#### What to do:
Repeat each entry exactly, but do not carry over the pictures.

** Opening Working data block **

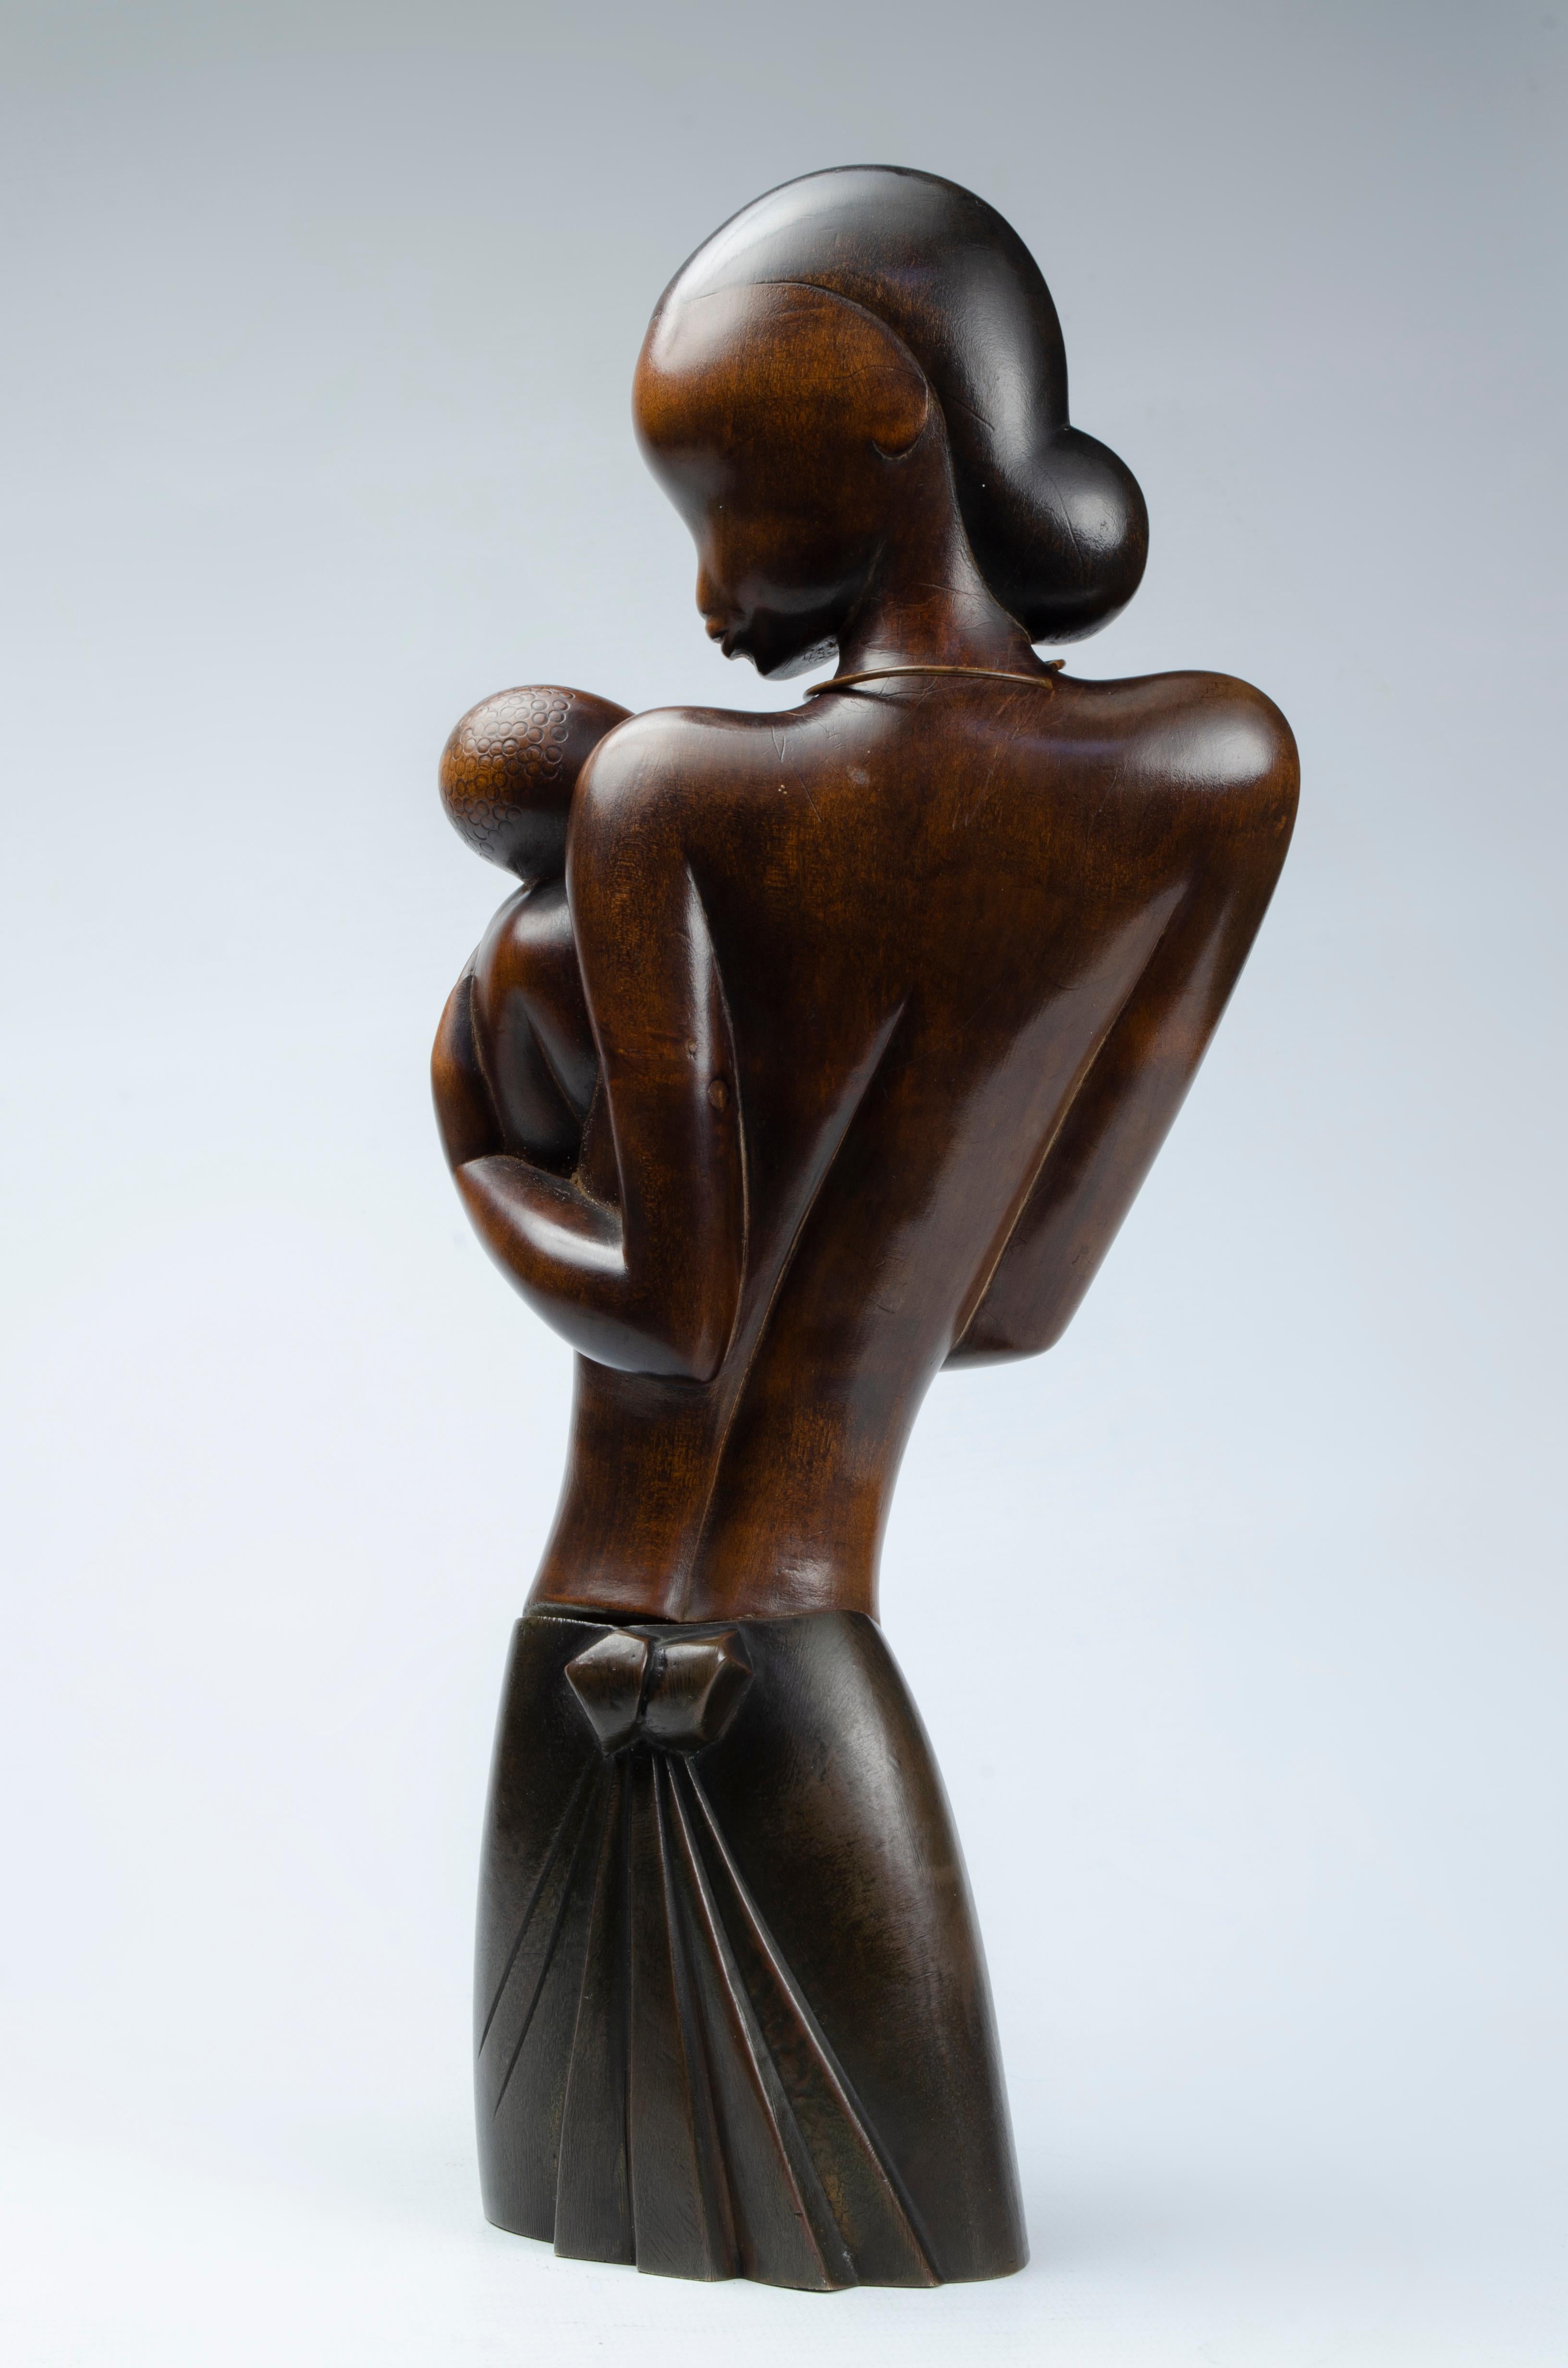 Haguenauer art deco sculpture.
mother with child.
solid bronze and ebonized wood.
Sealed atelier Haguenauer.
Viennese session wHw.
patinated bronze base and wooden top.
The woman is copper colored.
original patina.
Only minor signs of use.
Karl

** Closing Working data block **

#### Response to this exercise:
 Haguenauer art deco sculpture.
mother with child.
solid bronze and ebonized wood.
Sealed atelier Haguenauer.
Viennese session wHw.
patinated bronze base and wooden top.
The woman is copper colored.
original patina.
Only minor signs of use.
Karl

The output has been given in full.